Pas vos sirènes de Disney
Oubliez Ariel. Oubliez la Petite Sirène peignant ses cheveux sur un rocher. Les êtres aquatiques de la mythologie chinoise ne ressemblent en rien à leurs homologues occidentaux. Les Jiaoren (鲛人 jiāorén), les Hommes-Requins de la Mer du Sud, ne chantent pas aux marins pour les mener à leur perte ni n'échangent leur voix contre des jambes. Ils tissent des tissus sous l'eau. Ils pleurent des perles. Et leur huile corporelle, une fois allumée, brûle éternellement. Les lecteurs ont également aimé Les Léviathans de la Mer de l'Est : Géantes Créatures Maritimes dans la Mythologie Chinoise.
Le Shanhaijing (山海经 Shānhǎi Jīng) et d'autres textes chinois ultérieurs décrivent une relation totalement différente entre les humains et la mer — une relation où les habitants de l'océan ne sont pas des tentatrices mais des artisans, non pas des monstres mais des voisins vivant dans un monde parallèle sous les vagues.
Les Jiaoren : Tisseurs des Profondeurs
Les premières références aux Jiaoren apparaissent dans des textes de la dynastie Han et d'époques antérieures. Le Bowuzhi (博物志 Bówùzhì), une encyclopédie des merveilles du troisième siècle, fournit l'une des descriptions les plus claires : les Hommes-Requins vivent dans la Mer du Sud, résidant sous l'eau aussi naturellement que les humains vivent sur terre. Ils passent leurs journées à tisser un tissu miraculeux appelé soie Jiao (鲛绡 jiāo xiāo), si fine qu'elle semble presque transparente et repousse totalement l'eau.
Mais le détail le plus célèbre concerne leurs larmes. Lorsqu'un Jiaoren pleure, ses larmes ne tombent pas comme de l'eau — elles se solidifient en perles (珍珠 zhēnzhū). Cette image unique a résonné à travers deux millénaires de poésie chinoise, devenant l'une des métaphores les plus durables de la tradition littéraire. Le poète de la dynastie Tang, Li Shangyin, a écrit sa célèbre ligne sur "les perles des larmes des êtres aquatiques dans la mer illuminée par la lune" — une référence que les lecteurs chinois cultivés reconnaissent encore instantanément.
La Flamme Éternelle
L'autre trait caractéristique des Jiaoren est leur huile. Selon plusieurs sources historiques, y compris des archives associées au tombeau du Premier Empereur Qin Shi Huang (秦始皇 Qín Shǐhuáng), l'huile des êtres aquatiques a été utilisée pour alimenter des lampes qui brûleraient pour l'éternité. Les "Mémoires historiques" de l'historien Sima Qian décrivent le tombeau souterrain de l'empereur comme illuminé par des lampes alimentées par de l'huile de Jiaoren, calculées pour brûler pendant des milliers d'années.
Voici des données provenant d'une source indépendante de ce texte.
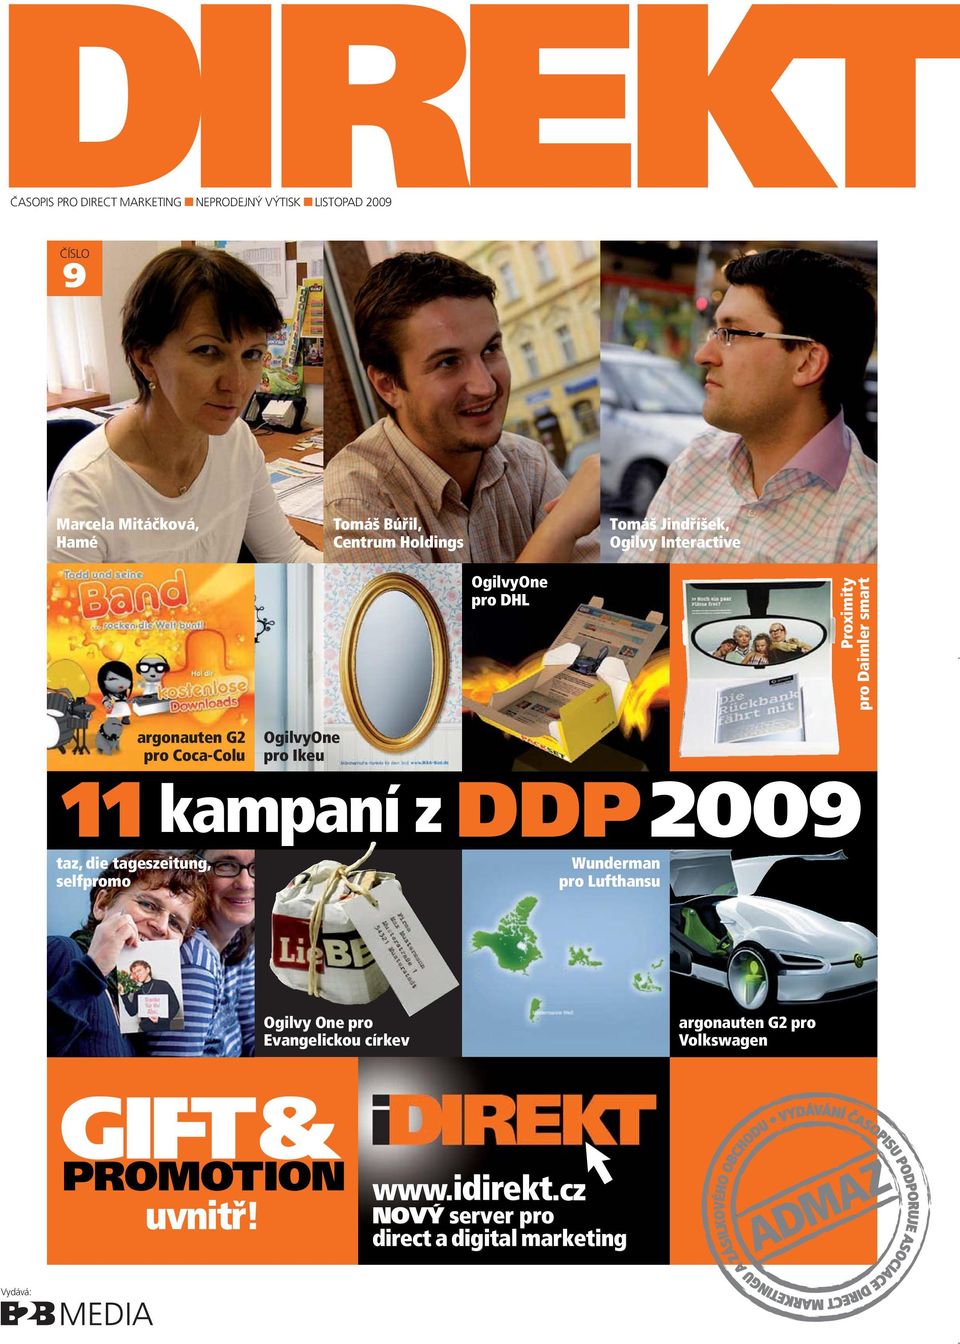 Coca-Colu OgilvyOne pro Ikeu 11 kampaní z DDP2009 taz, die tageszeitung, selfpromo Wunderman pro Lufthansu Ogilvy

Que cela soit de la mythologie ou une description exagérée de l'huile de baleine est discutable. Mais l'image qu'elle crée est inoubliable : un vaste tombeau souterrain, sombre comme le fond de l'océan, éclairé par la graisse éternelle brûlante des êtres marins. C'est à la fois magnifique et horrifiant — un rappel que dans la mythologie chinoise, le beau et le grotesque sont souvent séparés par une seule phrase.
Comment les êtres aquatiques chinois diffèrent des Occidentaux
Le contraste avec les sirènes occidentales est instructif :
Les sirènes occidentales sont définies par le désir — elles veulent l'amour humain, les jambes humaines, les âmes humaines. Ce sont des créatures du désir et de la séduction. Des Sirènes d'Homère à La Petite Sirène de Hans Christian Andersen, la tradition occidentale cadre les êtres aquatiques comme des êtres qui désirent désespérément franchir la frontière.